Instructions for the task
In the entries below, begin at the line that has "Cristiano Ronaldo celebra", stop after the line that has "Водолей год козы.", and output those lines exactly with no pictures.

Raw data
***

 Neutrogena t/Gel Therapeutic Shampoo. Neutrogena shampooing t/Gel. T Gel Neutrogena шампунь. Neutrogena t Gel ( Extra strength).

***

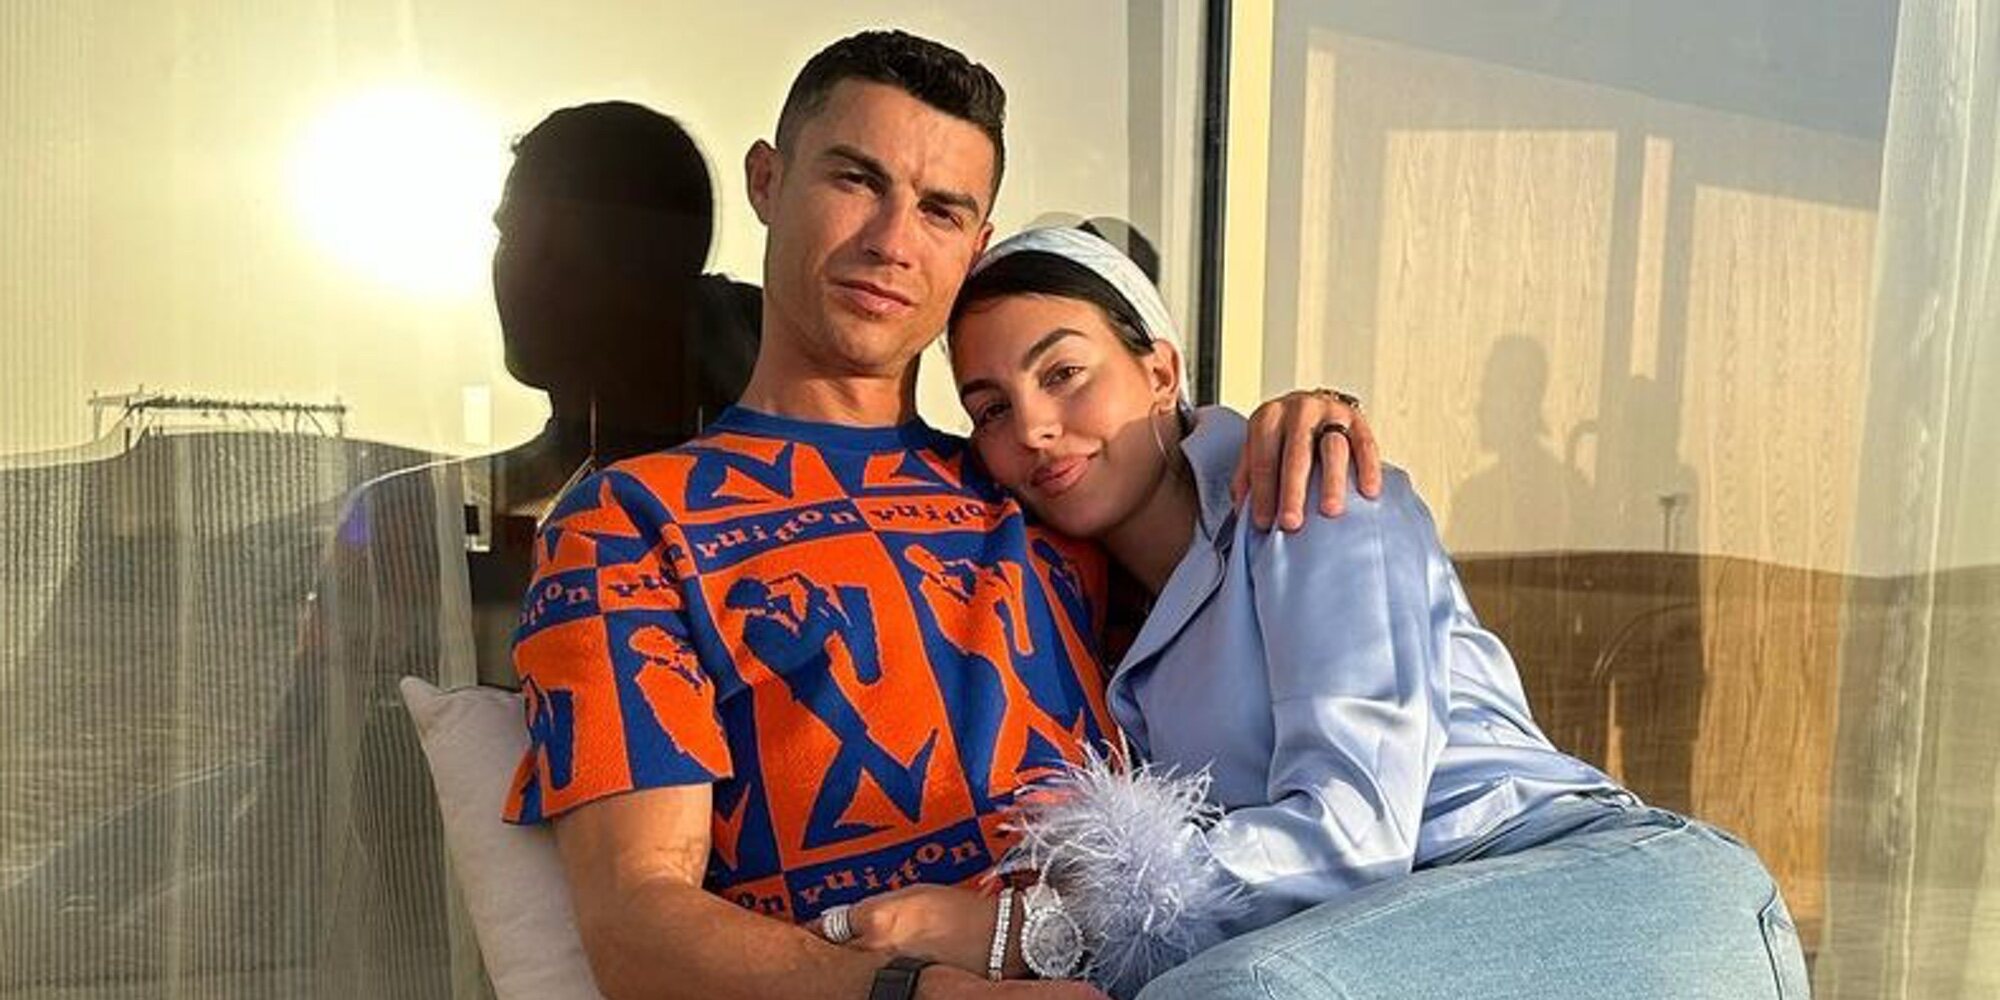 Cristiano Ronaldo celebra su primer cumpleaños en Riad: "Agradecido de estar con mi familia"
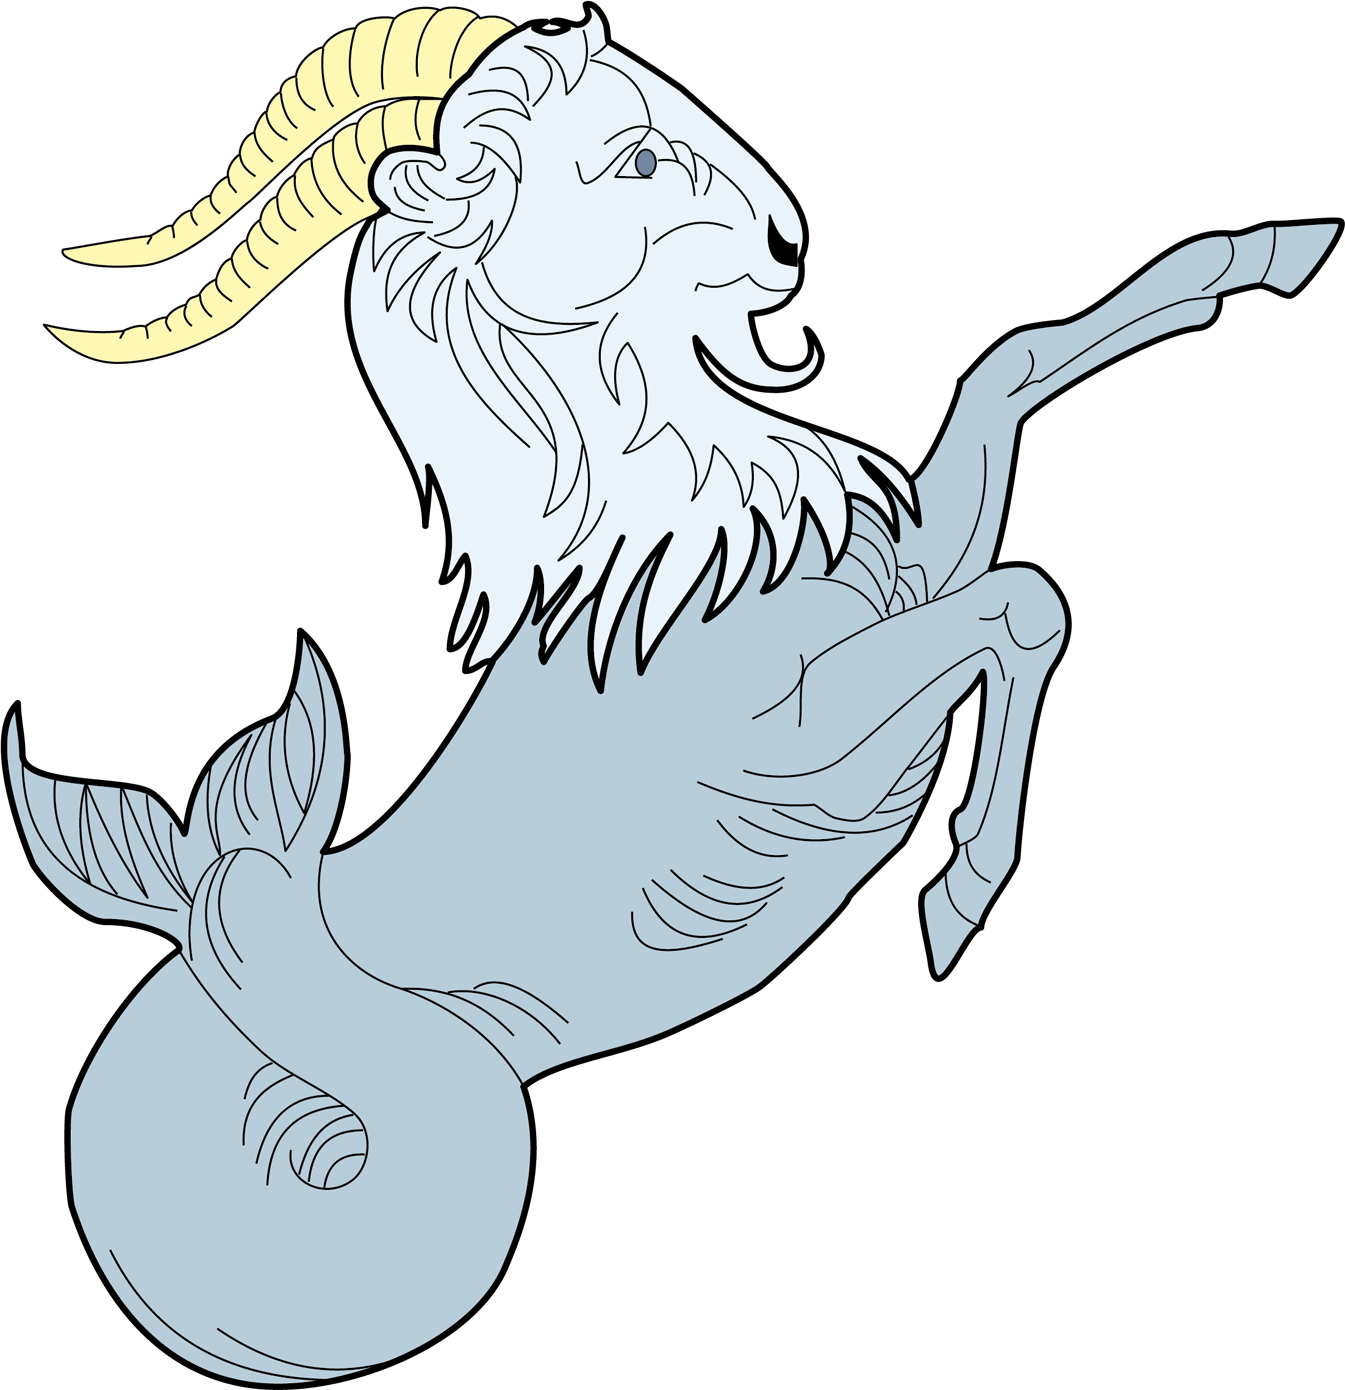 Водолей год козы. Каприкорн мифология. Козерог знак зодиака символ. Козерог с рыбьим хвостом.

***

Reply to the task
 Cristiano Ronaldo celebra su primer cumpleaños en Riad: "Agradecido de estar con mi familia"
 Водолей год козы. Каприкорн мифология. Козерог знак зодиака символ. Козерог с рыбьим хвостом.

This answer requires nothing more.